▶ [Task brief] Starting at the line that contains "Mermaid With Octopus Tail Wallpaper" and stopping after the line that contains "The Construction Of", transcribe the listing below exactly; do not include any pictures.

··· Extracted information ···

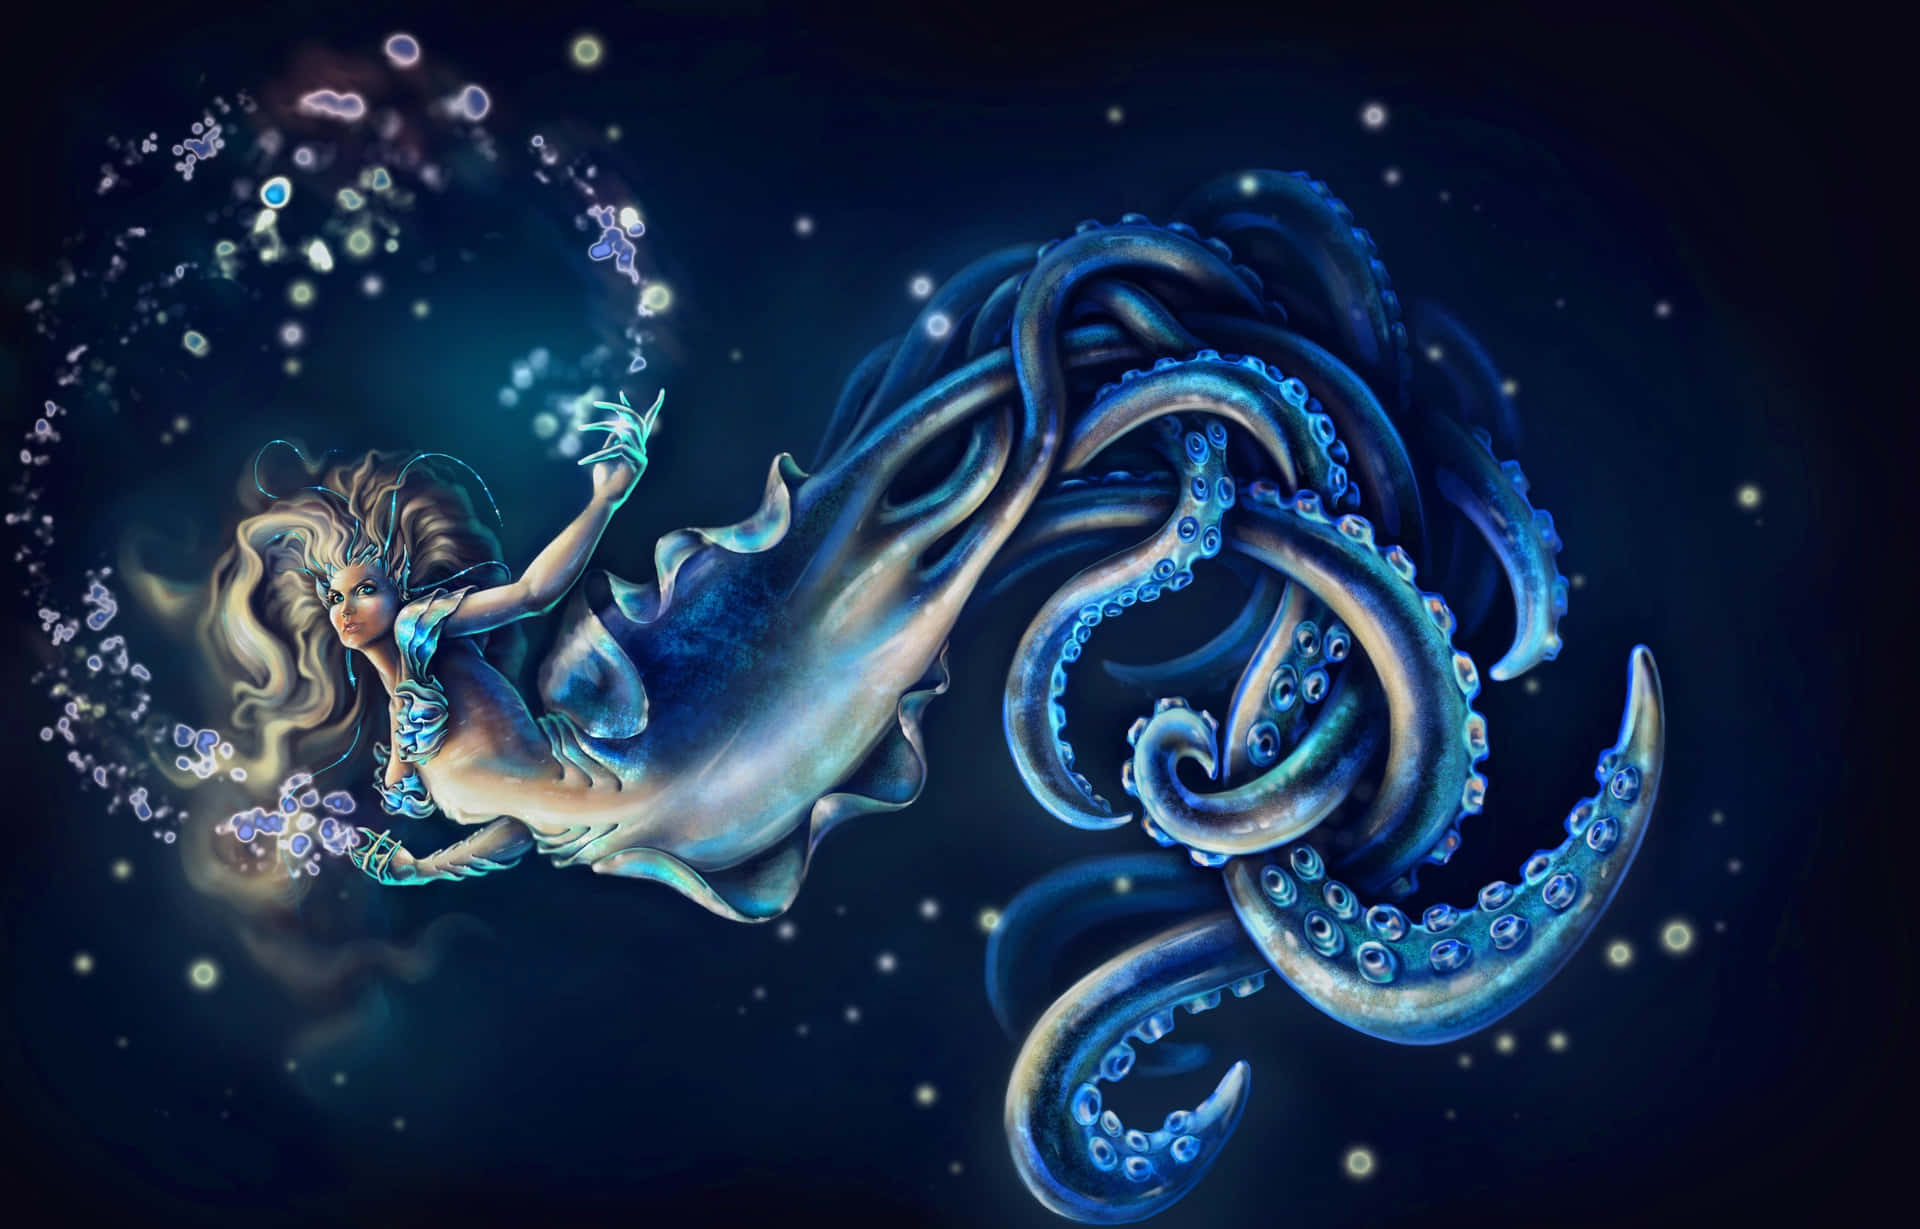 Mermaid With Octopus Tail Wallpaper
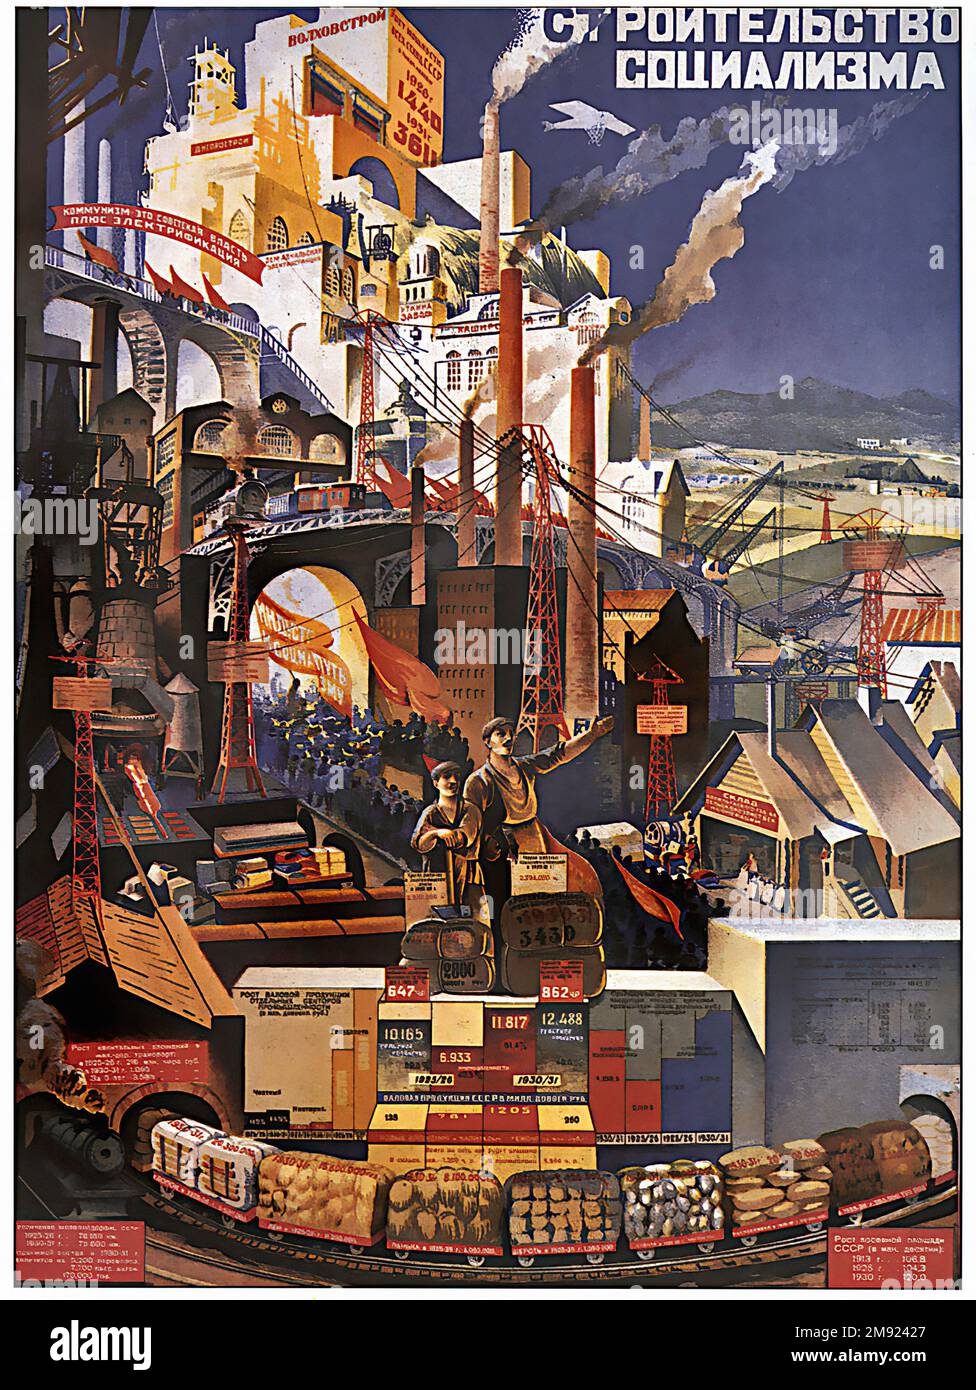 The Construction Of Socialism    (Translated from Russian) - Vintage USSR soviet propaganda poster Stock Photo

···
··· Extracted information ···

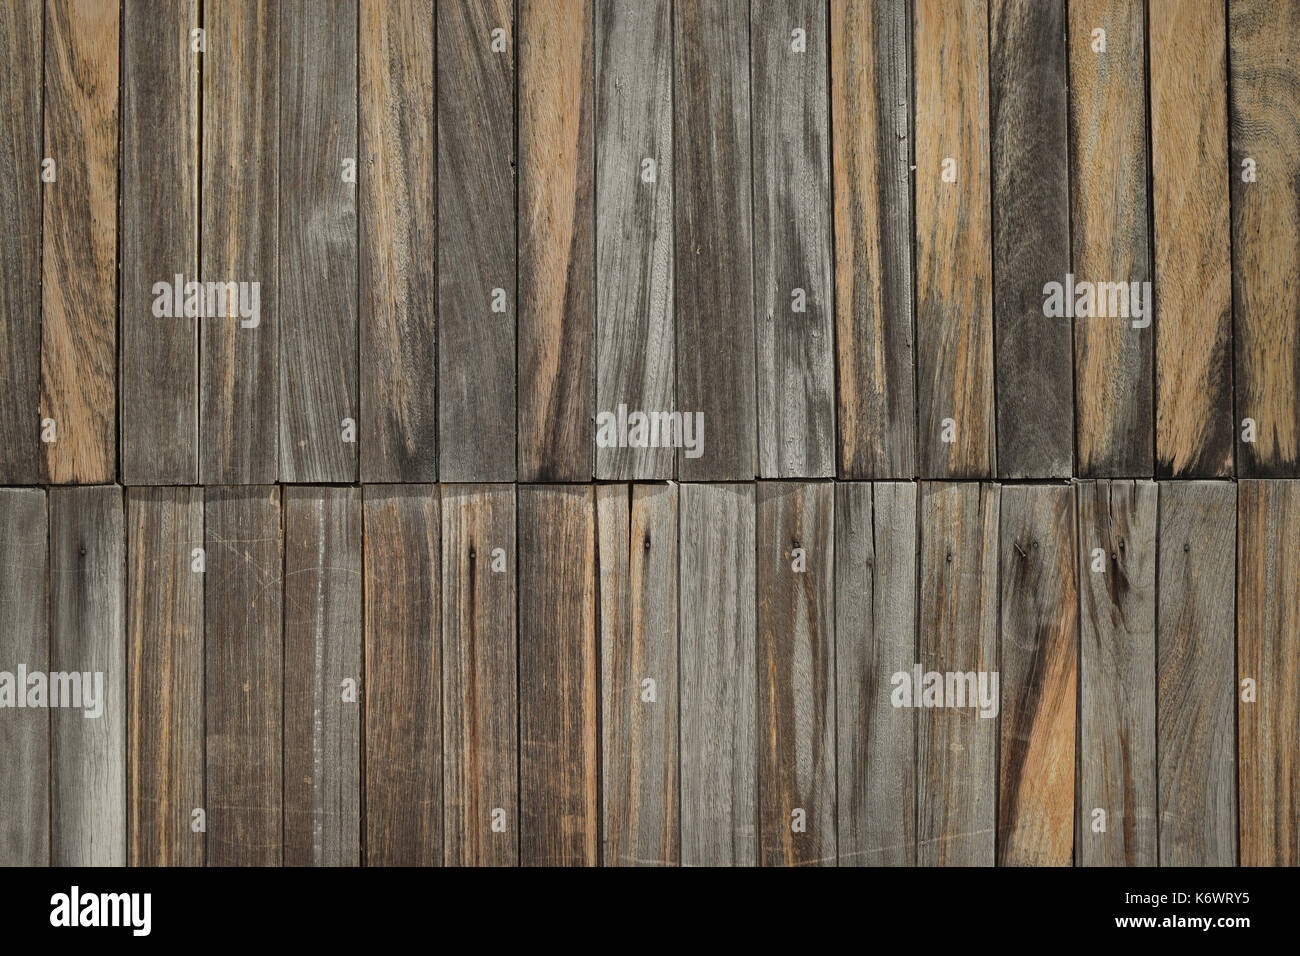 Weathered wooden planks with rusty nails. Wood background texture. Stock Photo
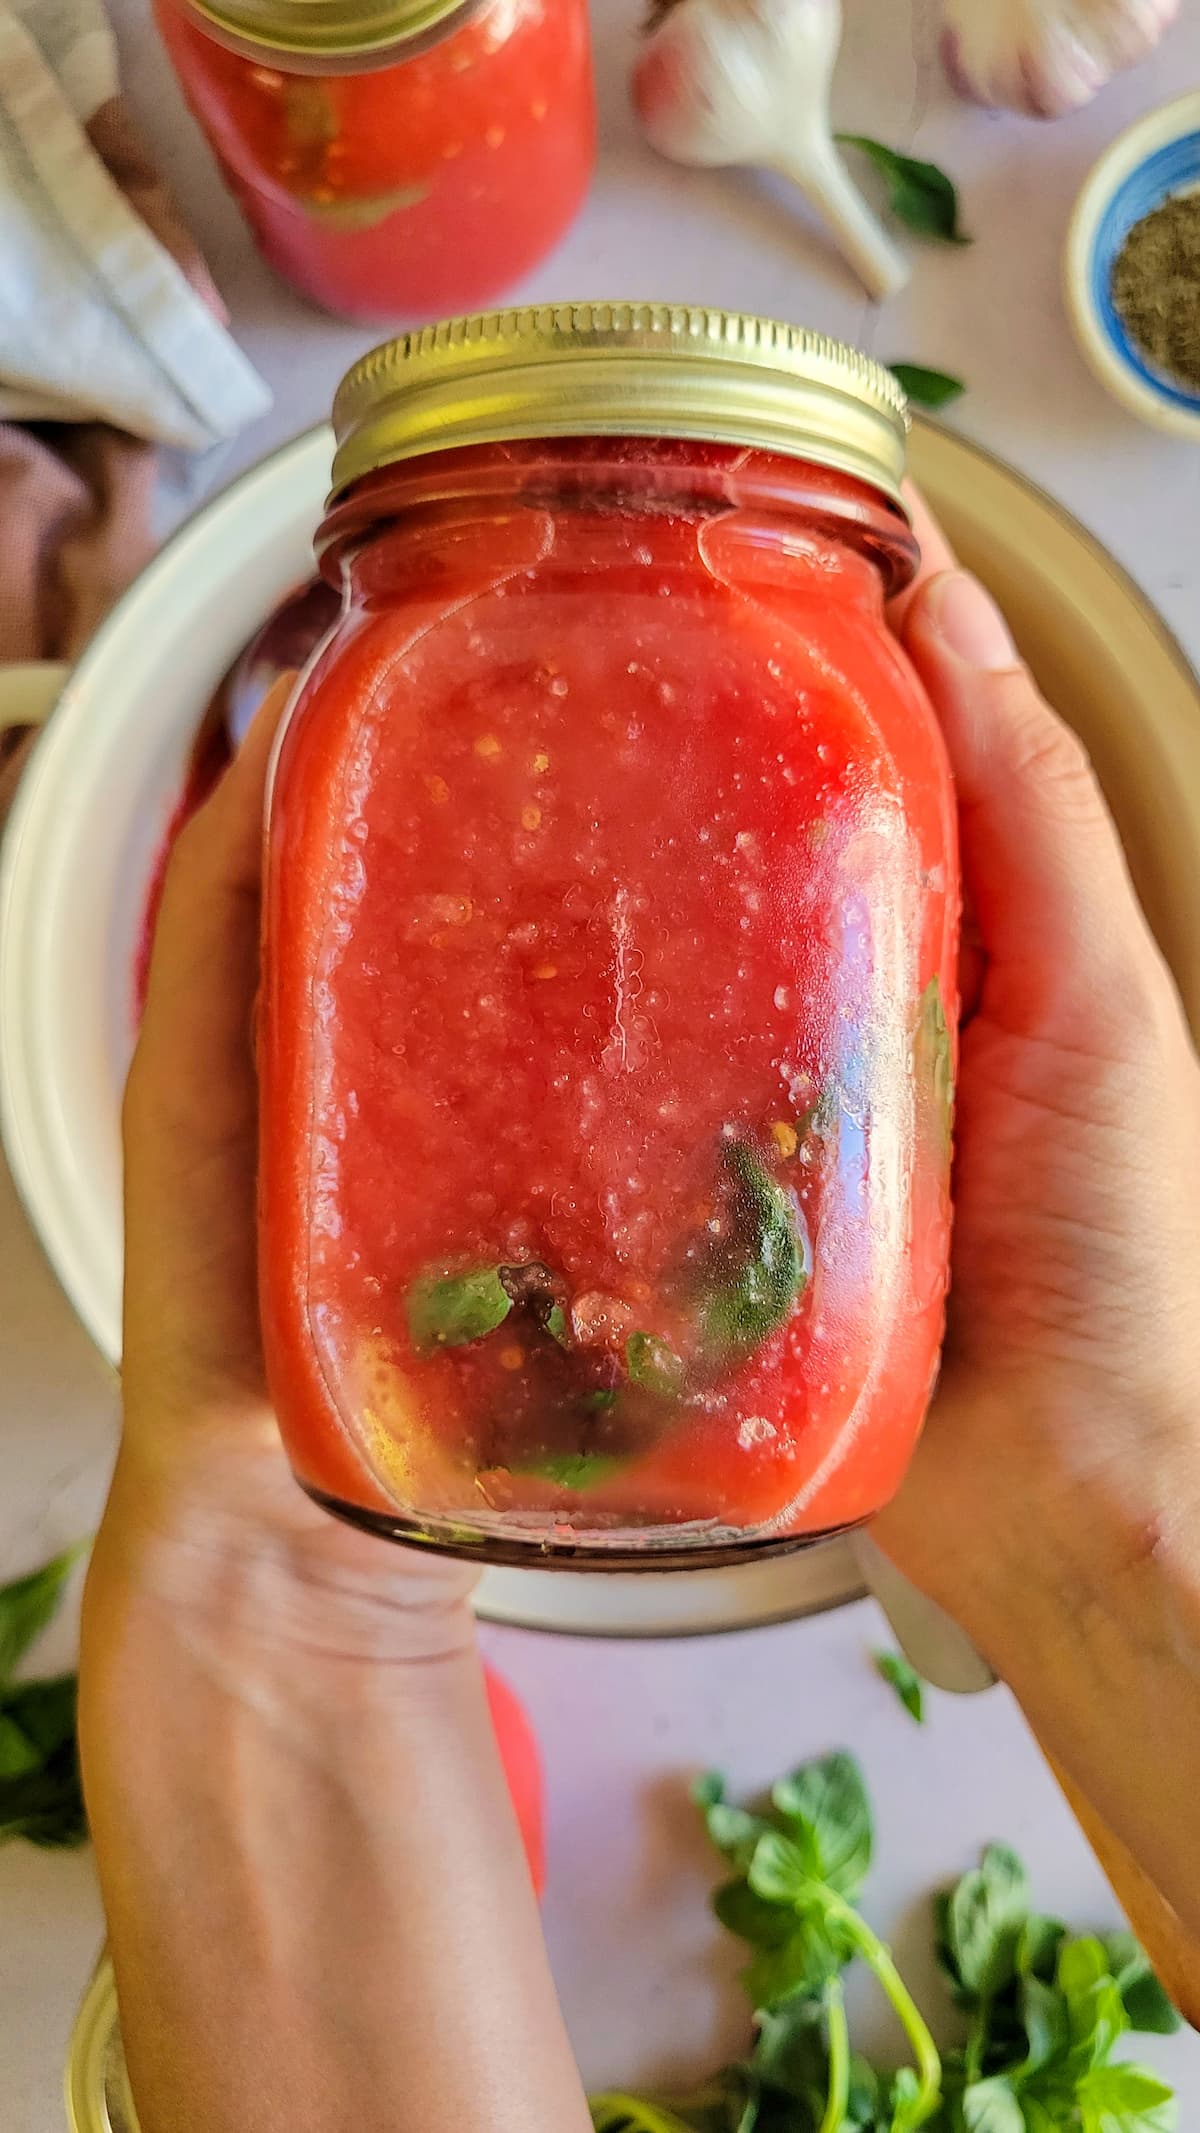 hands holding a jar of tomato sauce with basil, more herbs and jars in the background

···

▶ [Solved problem]
 Mermaid With Octopus Tail Wallpaper
 The Construction Of Socialism    (Translated from Russian) - Vintage USSR soviet propaganda poster Stock Photo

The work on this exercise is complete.